Est. 1920 · Chicago Gold Coast landmark · Opened New Year's Eve 1920 · Connected to the Leopold and Loeb murder case (1924)
The Drake Hotel was developed by brothers John and Tracy Drake and opened on December 31, 1920, on the corner of Michigan Avenue and East Walton Place, at the northern end of what would become the Magnificent Mile. Architects Benjamin Marshall and Charles Fox, whose firm also designed the Blackstone and the Edgewater Beach Hotel, gave it a limestone Italian Renaissance facade and an interior centered on the Palm Court and the Gold Coast Room ballroom.
On its first night, the hotel hosted a sold-out New Year's gala. A $5,000 necklace was reported stolen that evening. A separate guest lost a pearl and emerald ring. No fatalities from that night were reported in Chicago newspapers then or since — a relevant detail given the Lady in Red legend, which is set at this gala.

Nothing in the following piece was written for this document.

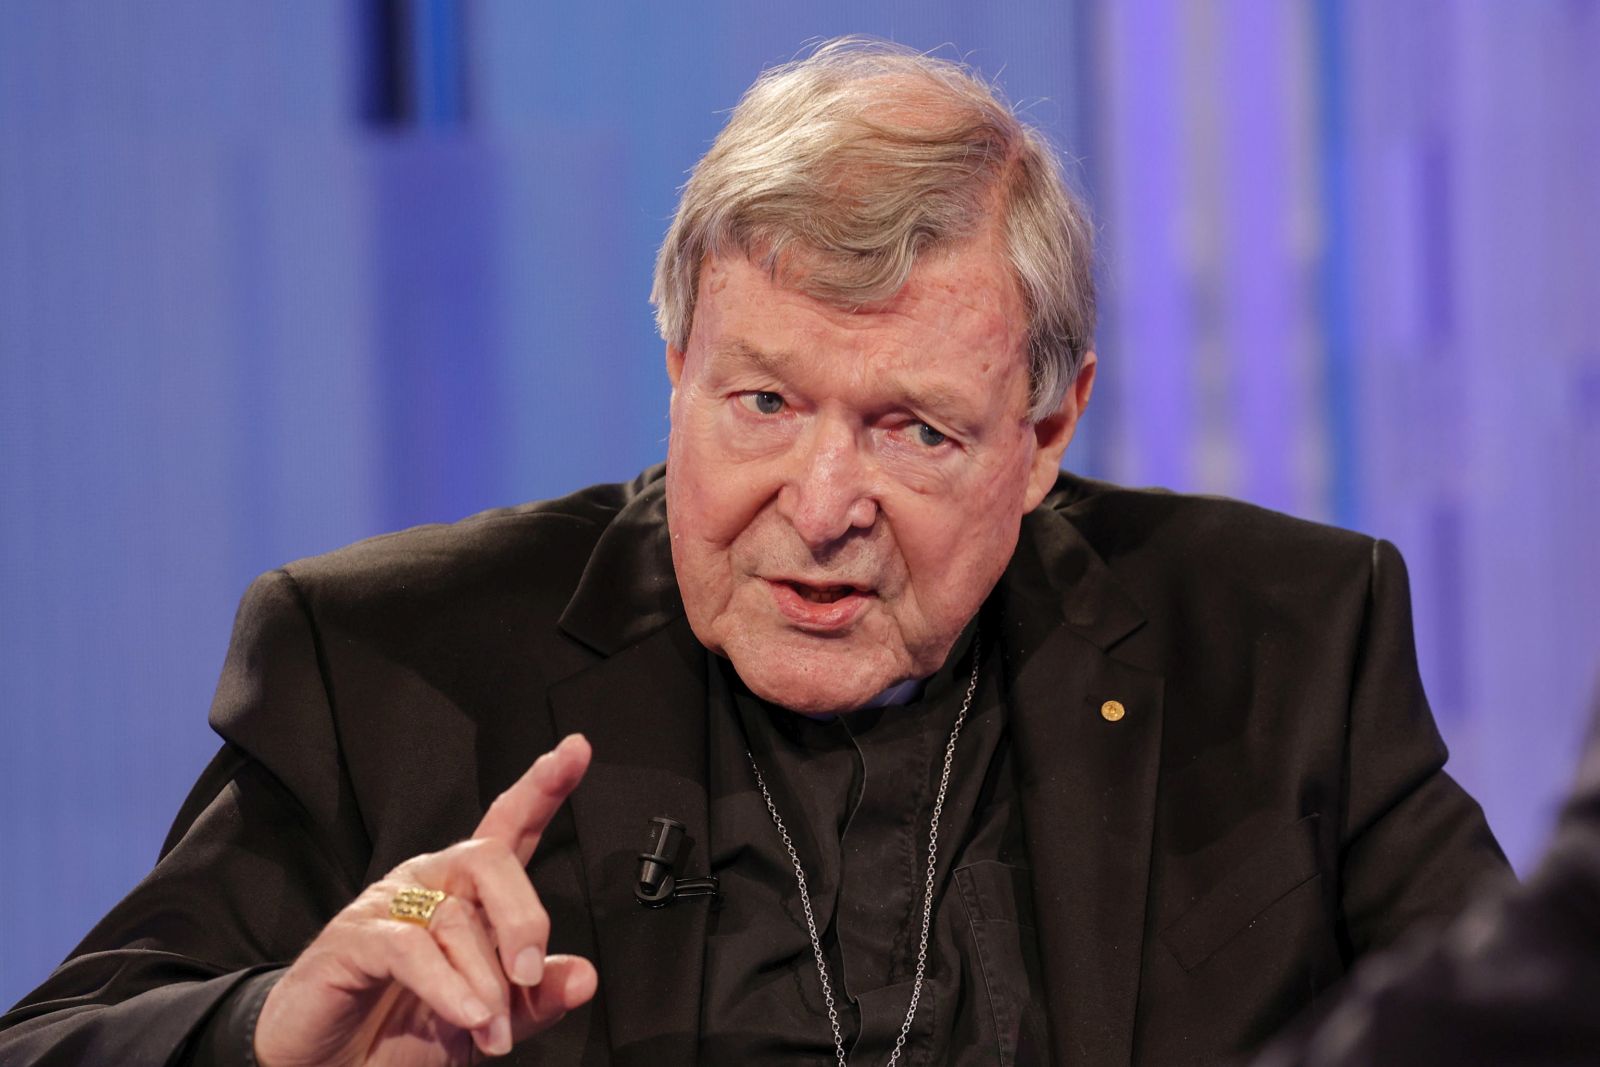 epa10399016 (FILE) - Australian Cardinal George Pell attends the Italian Raiuno TV program 'Porta a Porta' hosted by Italian journalist Bruno Vespa, in Rome, Italy, 04 November 2021. According to a statement from the Catholic Archdiocese of Sydney, Cardinal George Pell died at age 81 on 11 January 2023 in Rome.  EPA/GIUSEPPE LAMI *** Local Caption *** 57275379

The Drake entered its historical record most concretely in connection with the Leopold and Loeb murder case of 1924. On May 21, 1924, Nathan Leopold Jr. and Richard Loeb — both sons of wealthy Chicago families, both University of Chicago students — kidnapped and killed 14-year-old Bobby Franks in what they described as an attempt at the perfect crime. The Franks family lived in Kenwood at the time. In the aftermath of their son's murder, Jacob and Flora Franks sold their home and took up residence at the Drake. Jacob Franks died at the hotel in 1928; Flora Franks died there in 1937. Leopold and Loeb were interrogated at the Drake in the days before their arrest. The hotel's connection to the case is documented in trial records and newspaper coverage of the period.
The Drake has operated continuously since 1920. It became part of the Hilton Hotels portfolio and operates today as a full-service luxury hotel with 535 rooms.
Sources
- https://en.wikipedia.org/wiki/Drake_Hotel_(Chicago)
- https://www.cbsnews.com/chicago/news/chicago-hauntings-drake-hotel/
- https://mysteriouschicago.com/the-woman-in-red-at-the-drake-hotel/
- https://www.chicagomag.com/city-life/october-2017/a-brief-history-of-chicagos-other-haunted-hotel/
ApparitionsCold spotsUnexplained photographs
The Lady in Red legend holds that a woman in a red gown — who had accepted a Christmas Eve marriage proposal days before — attended the Drake's New Year's Eve opening gala in 1920, discovered her fiancé with another woman, and jumped to her death from the 10th floor. The story appears in nearly every Chicago haunted-hotel compilation and has been retold by staff, guests, and tour operators for decades.
Chicago paranormal historian Adam Selzer has investigated the claim directly. In his own words: 'If this suicide truly happened, it doesn't seem to have made the papers — I've never seen anything to back it up.' The only confirmed 10th-floor window jump at the Drake in historical records involved a woman described in period newspapers as an older former model, in a period well after the hotel's opening. No 1920 New Year's Eve fatality was reported. The Lady in Red is, by the evidence, a legend without a source event.
The more documented connection involves the Franks family. Jacob and Flora Franks moved to the Drake after the 1924 murder of their son Bobby. Flora Franks lived at the hotel for over a decade before her death there in 1937. Some investigators and tour operators have argued that the persistent upper-floor sightings are more plausibly connected to the Franks family than to the unverified 1920 legend.
Staff reports cluster around the Palm Court and the 10th floor. Guests have reported a woman in formal dress near the Gold Coast Room, sometimes described as wearing red. Paranormal investigations have documented photographs claimed to show a silhouette in the empty ballroom.